(705 ILCS 405/2-13.1)
    Sec. 2-13.1. Early termination of reasonable efforts.
    (1) (a) In conjunction with, or at any time subsequent to, the filing of a petition on behalf of a minor in accordance with Section 2-13 of this Act, the State's Attorney, the guardian ad litem, or the Department of Children and Family Services may file a motion requesting a finding that reasonable efforts to reunify that minor with his or her parent or parents are no longer required and are to cease.

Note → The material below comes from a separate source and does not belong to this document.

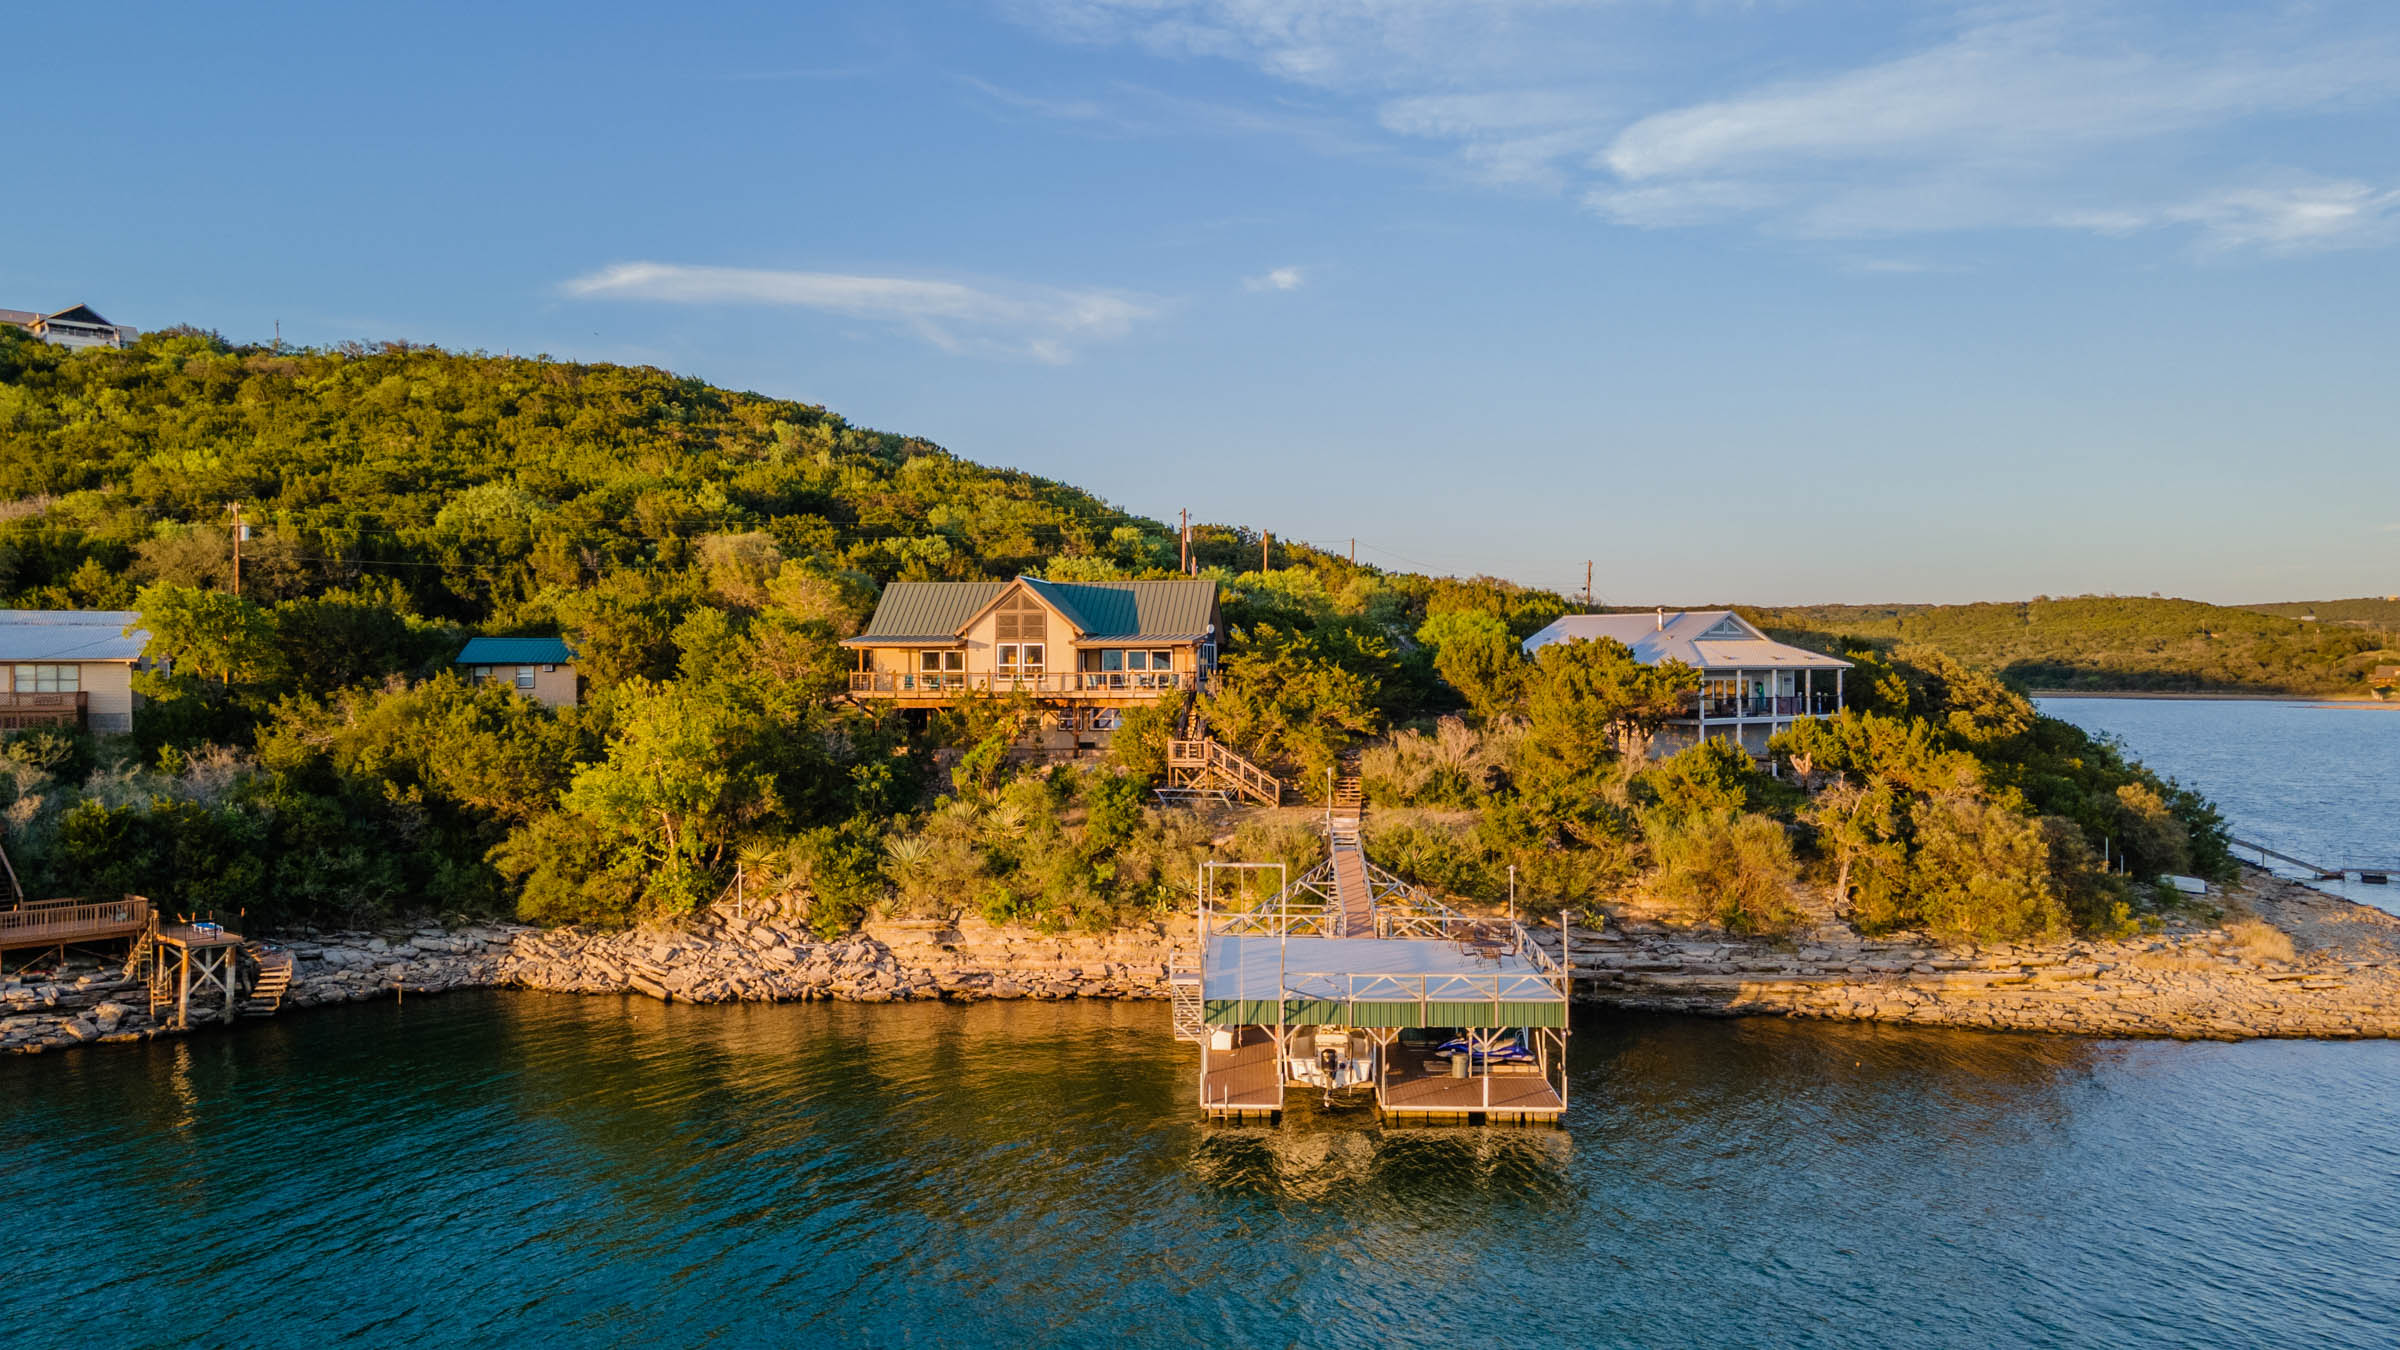 Listing photo of a home in Austin on the lake, taken with a drone

    (b) The court shall grant this motion with respect to a parent of the minor if the court finds after a hearing that the parent has:
        (i) had his or her parental rights to another child
    
of the parent involuntarily terminated; or
        (ii) been convicted of:
            (A) first degree or second degree murder of
        
another child of the parent;
            (B) attempt or conspiracy to commit first degree
        
or second degree murder of another child of the parent;
            (C) solicitation to commit murder of another
        
child of the parent, solicitation to commit murder for hire of another child of the parent, or solicitation to commit second degree murder of another child of the parent;
            (D) aggravated battery, aggravated battery of a
        
child, or felony domestic battery, any of which has resulted in serious bodily injury to the minor or another child of the parent; or
            (E) an offense in any other state the elements of
        
which are similar and bear substantial relationship to any of the foregoing offenses
unless the court sets forth in writing a compelling reason why terminating reasonable efforts to reunify the minor with the parent would not be in the best interests of that minor.
    (c) The court shall also grant this motion with respect to a parent of the minor if:
        (i) after a hearing it determines that further
    
reunification services would no longer be appropriate, and
        (ii) a dispositional hearing has already taken place.
    (2) (a) The court shall hold a permanency hearing within 30 days of granting a motion pursuant to this subsection. If an adjudicatory or a dispositional hearing, or both, has not taken place when the court grants a motion pursuant to this Section, then either or both hearings shall be held as needed so that both take place on or before the date a permanency hearing is held pursuant to this subsection.
    (b) Following a permanency hearing held pursuant to paragraph (a) of this subsection, the appointed custodian or guardian of the minor shall make reasonable efforts to place the child in accordance with the permanency plan and goal set by the court, and to complete the necessary steps to locate and finalize a permanent placement.